The fact is that most alleged war criminals will never appear in the dock. The few that do are those who have lost political power and powerful friends. It is this shortcoming that gives rise to the accusation that international criminal law is simply victor’s justice, and it is this that the International Criminal Court is designed to address. The ICC provides something dramatically new: a permanent court which is largely immune to political interference, which can take over whenever countries are unable or unwilling to try alleged perpetrators themselves, and to which the Security Council can assign jurisdiction on an ad hoc basis rather than having to create a tribunal from scratch. Although the ICC has yet to hear its first case, an investigation is already underway into atrocities in northern Uganda – at the request of that country’s government.

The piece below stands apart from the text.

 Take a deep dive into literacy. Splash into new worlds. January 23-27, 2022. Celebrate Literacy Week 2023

Fewer than half of the world’s countries have ratified the ICC statute, but only the United States has deliberately sought to undermine the court. The Bush administration is worried that its soldiers or officials might be subject to malicious prosecutions. For the last six years, most international lawyers have insisted that the United States has nothing to fear, because its s0phisticated system of military justice will mean that the complementary jurisdiction of the ICC is not necessary. But this assumes that alleged crimes will always be diligently investigated and prosecuted by US military lawyers, which might not be the case if the orders to commit the crimes originated at the highest levels. The torture at Abu Ghraib prison and the subsequently leaked memorandum that sought to justify all but the most extreme methods of interrogation calls the assumption of US diligence into question. Had Saddam ratified the ICC statute, the chief prosecutor would, quite properly, already be investigating the Abu Ghraib situation – with a view to possibly laying charges for command responsibility against the US secretary of defense and the president.

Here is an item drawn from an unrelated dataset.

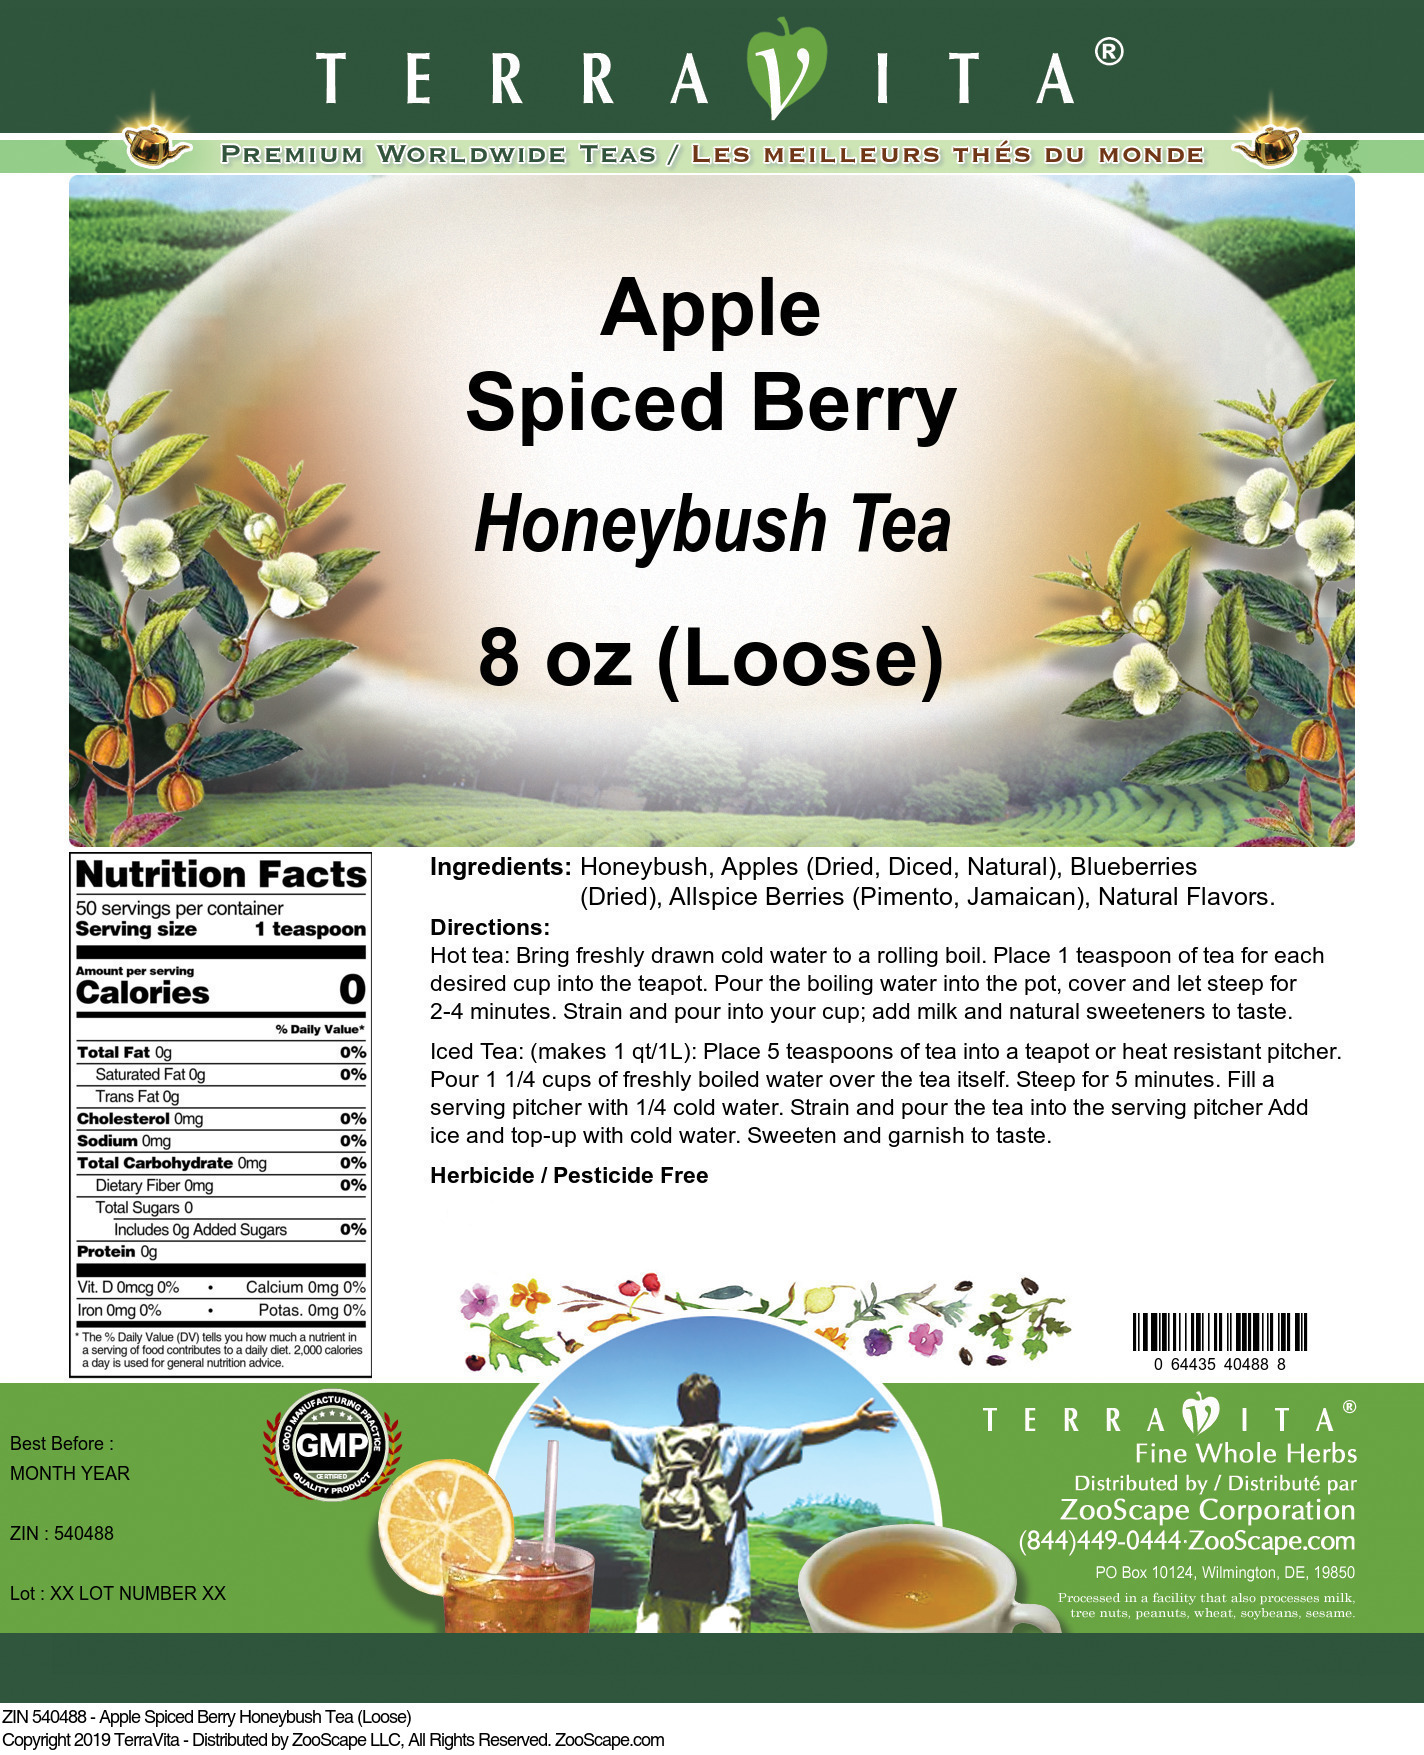 Apple Spiced Berry Honeybush Tea (Loose) - Label

The United States, with British support, has sought to protect itself against this kind of risk. Security Council Resolution 1422, adopted in July 2002, provided immunity from ICC jurisdiction to the personnel of any non-party engaged in an UN-authorised action. Although designed to protect US soldiers engaged in UN peacekeeping, the resolution arguably also provided protection for US soldiers and their superiors in Iraq – if you accept the argument advanced by the US and UK that the war was in fact authorised by the UN.
Although Resolution 1422 provided only 12 months of immunity, it was subsequently renewed. It seemed destined to be renewed again last month, until the torture scandal broke. Faced with an unexpected wave of opposition, the United States withdrew its draft resolution and the immunity lapsed. In practical legal terms, this may have little effect, since the US has spent the last two years negotiating more than 90 bilateral treaties that commit other countries not to surrender its nationals to the ICC – though these treaties would not necessarily stand up to scrutiny before the court. In political terms, the opposition to the extension of immunity is hugely significant because it shows that many countries have finally lost patience with the US president’s contemptuous attitude to international law. A show trial in Baghdad will only exacerbate the tension between a world that still wants a fair and sustainable international legal system, and an American administration that hardly seems to care. No wonder Saddam was smiling: Bush has bungled again.